BERLIN. (hpd) Der Auftakt der Bundesligasaison am Wochenende zieht Hunderttausende in die Stadien der Republik und noch viele mehr vor die heimischen TV-Geräte. Hpd-Gesellschaftskolumnist und Fußballfanatiker Carsten Pilger setzt sich mit dem Mantra vieler Fankurven auseinander: „Fußball ist unpolitisch.“

Als Fußballfan sitze ich oft zwischen den Stühlen. Es gibt da meine Freunde, die mit Fußball absolut nichts am Hut haben. Die Fußball womöglich weiterhin noch für den rein körperlichen Akt des stumpfen Ballnachrennens halten. Für einen Weg, die Massen zu beruhigen und kleine patriarchalische Inseln zu schaffen, auf denen Männer unter Alkoholeinfluss noch ungestört Männer unter Alkoholeinfluss sein dürfen. Proletensport halt.

Dann gibt es die Freunde, die wie ich Fußballfan sind. Die wissen, dass das Klischee manchmal die Wahrheit ist, aber eben auch nicht mehr, als nur ein Teil der Wahrheit. Dass Fußball nicht nur der Sport und nicht nur seine negativen Begleiterscheinungen hat, sondern Menschen verbindet, Menschen kreativ werden lässt und sie zu gesellschaftlichen Engagement anregt. Sei es über Ultra-Gruppierungen, die sich in ihrer Stadt für Obdachlose und Flüchtlinge engagieren, Subkultur schaffen und progressives Denken in die Kurve bringen, indem sie Aufklärungsarbeit leisten. Warum manches „Fußballvokabular“ der 80er und 90er Jahre stumpf rassistisch oder sexistisch ist.

Nun gibt es ein festes Ritual im Fußball, das wohl die unpopulärste Debatte darstellt: Weisen Fangruppen auf Misstände hin, etwa dass bei schwarzen Spielern wieder aus dem Block Affenlaute kamen, heißt es: Aufhören! Fußball ist doch unpolitisch! Hier ist jeder willkommen, außer die Politik, ob von Links oder Rechts! Doch stimmt das? Ist Fußball wirklich die politikfreie Zone, in der für 90 Minuten jeder seine gesellschaftliche Rolle ablegt und erst beim Verlassen des Stadions wieder annimmt?

Mitnichten. Es gibt die Beispiele, die eher zum Schmunzeln anregen: Als der Bundesligist FC Homburg Ende der 80er auf der Brust für einen Kondomhersteller warb, wollte dies die DFB-Spitze verhindern – ohne Erfolg. Ein Vorgang, der viel über das Weltbild der DFB-Funktionäre aussagt.

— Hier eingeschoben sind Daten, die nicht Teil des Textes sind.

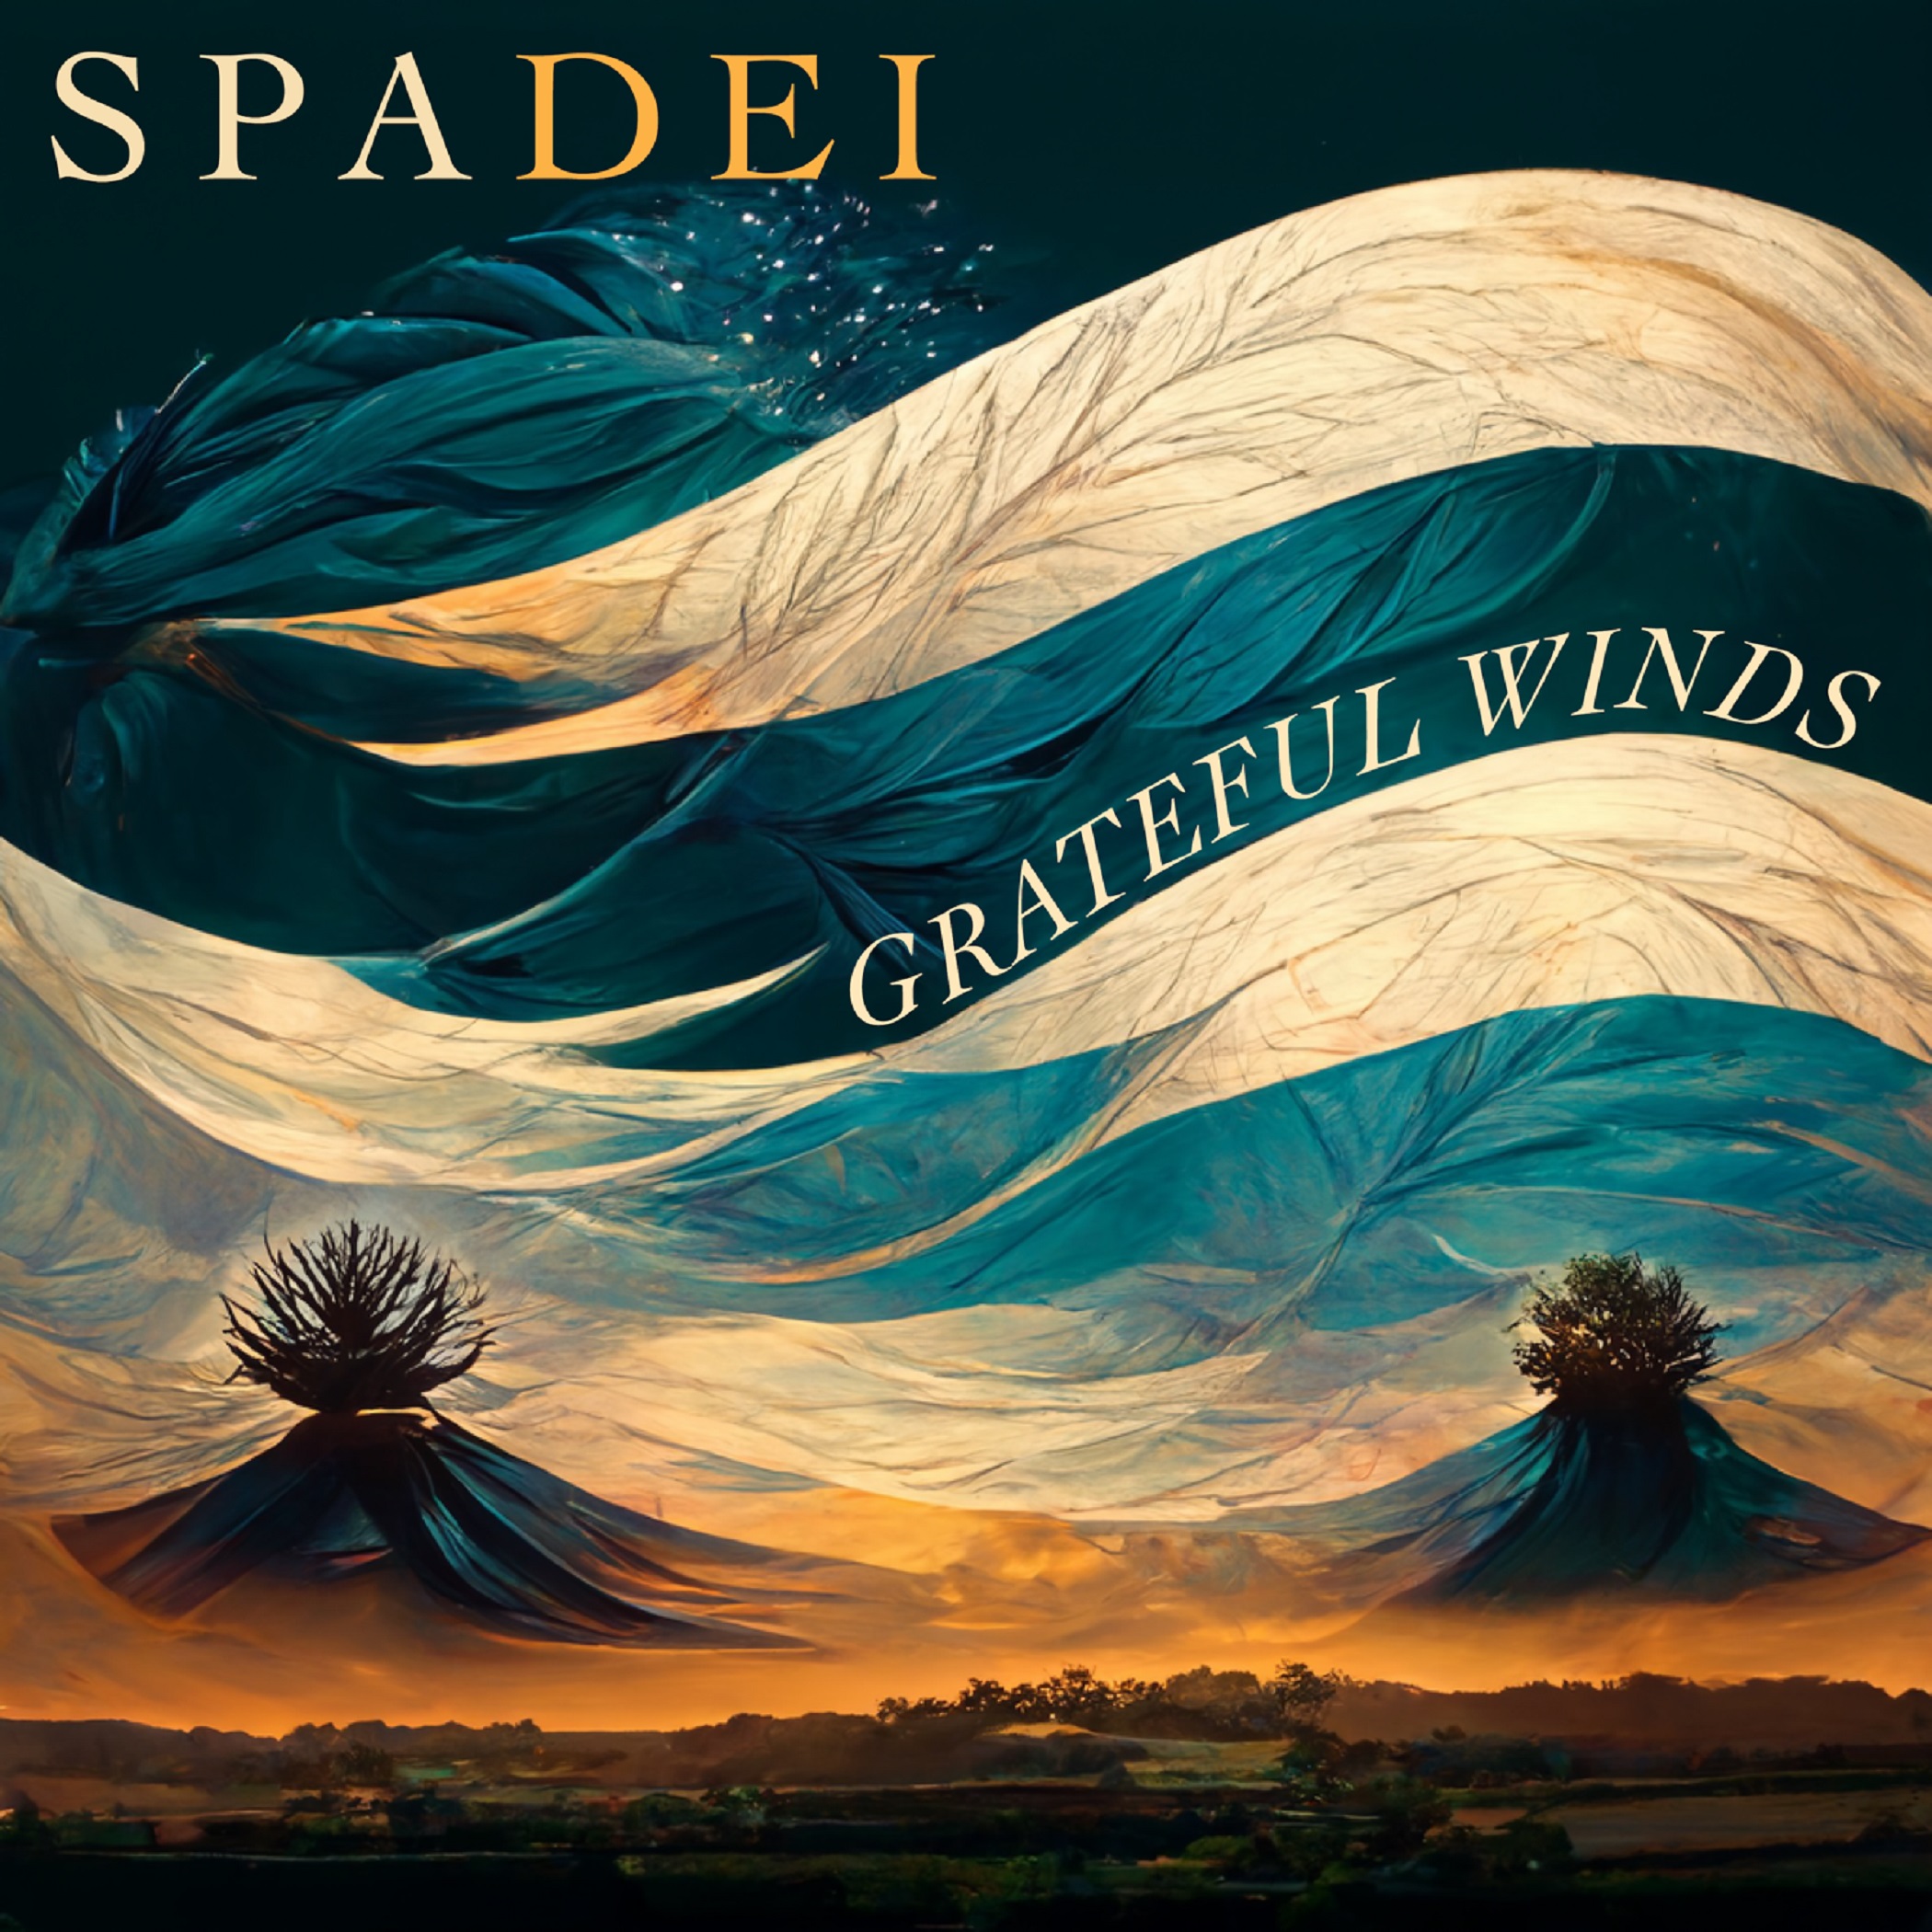 Spadei Creates Lush Soundscapes On Their Debut Album & First Single “Grateful Winds”

Und es gibt die bitteren Beispiele. Als 1977 die deutsche Studentin Elisabeth Käsemann von der argentinischen Junta entführt, gefoltert und später ermordet wurde, sahen weder das Auswärtige Amt, noch der Deutsche Fußball-Bund Grund zur Intervention – obwohl die Fußballnationalmannschaft im Vorfeld der Fußball-WM in der Militärdiktatur zum Freundschaftsspiel antrat. Wo der Sport zum Retten eines Menschenlebens hätte dienen können, hat er sich lieber der Propaganda hingegeben.

Das Gegenteil ist die Realität: Fußball ist diplomatische und wirtschaftliche Macht. Sprich: Politik. Es tut gut, sich mit positiven Figuren aus dem beliebtesten Sport der Welt zu umgeben. Es ist kaum ein Zufall, dass die Weltmeisterschaft 2018 in Russland und die darauf folgende 2022 in Katar stattfindet. Und dass Fußball-Offizielle sich auffallend selten über Russlands Vorgehen in der Ukraine oder die Toten auf Baustellen für Fußballstadien im Katar äußern.

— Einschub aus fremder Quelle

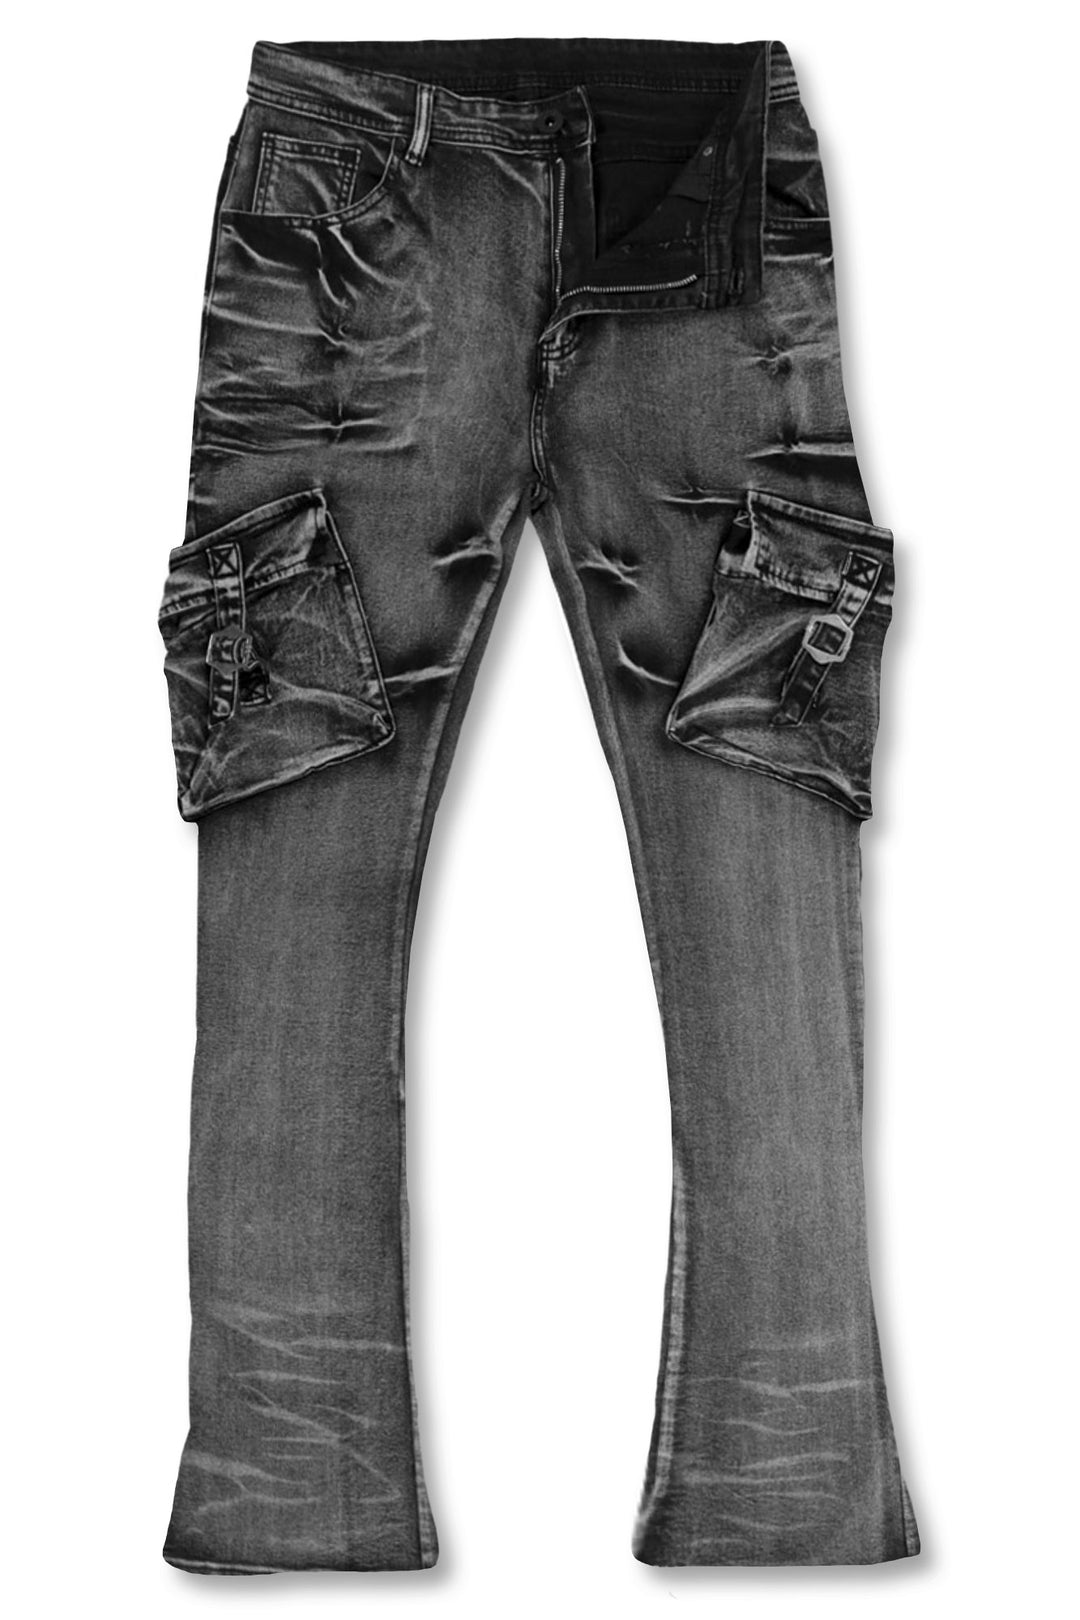 Check Out Stacked Slim Flare Cargo Jeans - Black Wash

Zurück zum Spruch „Fußball ist unpolitisch“. In der Kurve ist das eine Verteidigung gegen den Versuch, gesellschaftliche, progressive Prozesse, die in anderen Teilbereichen der Gesellschaften vollzogen oder bereits fortgeschritten sind, aus dem Stadion herauszuhalten. Es ist die Ausrede des  Fußballfans, der eben diesem Wandel auch in anderen Gesellschaftsbereichen kritisch gegenübersteht – dies aber nicht unbedingt immer zugeben will. Vereinen und Verbänden liefert diese inoffizielle Mehrheitsmeinung eine passende Ausrede, um gesellschaftliches Engagement gegen Testspiele in Saudi-Arabien und Trainingslager im Katar auszutauschen.

Dabei kann Progressivität nur dann funktionieren, wenn es von beiden Richtungen kommt: Wenn von den Fans und von den Vereinen die gesellschaftliche Tragweite des Sports erkannt wird. Das gab es etwa 1993, als die Bundesliga-Vereine für einen Spieltag mit dem Slogan „Mein Freund ist Ausländer“ auf dem Trikot aufliefen, um sich gegen Fremdenfeindlichkeit zu positionieren. 2015 scheint eine starke Positionierung nicht mehr in den Zeitgeist einer Fußballliga zu passen, der das eigene, möglichst glatte Image wichtiger ist als eine Haltung. Fußball ist politisch, am besten verkauft sich derzeit aber der unpolitische Fußball. Gerade in der aktuellen Flüchtlingsdebatte stünde mehr Politik den Vereinen gut zu Gesicht.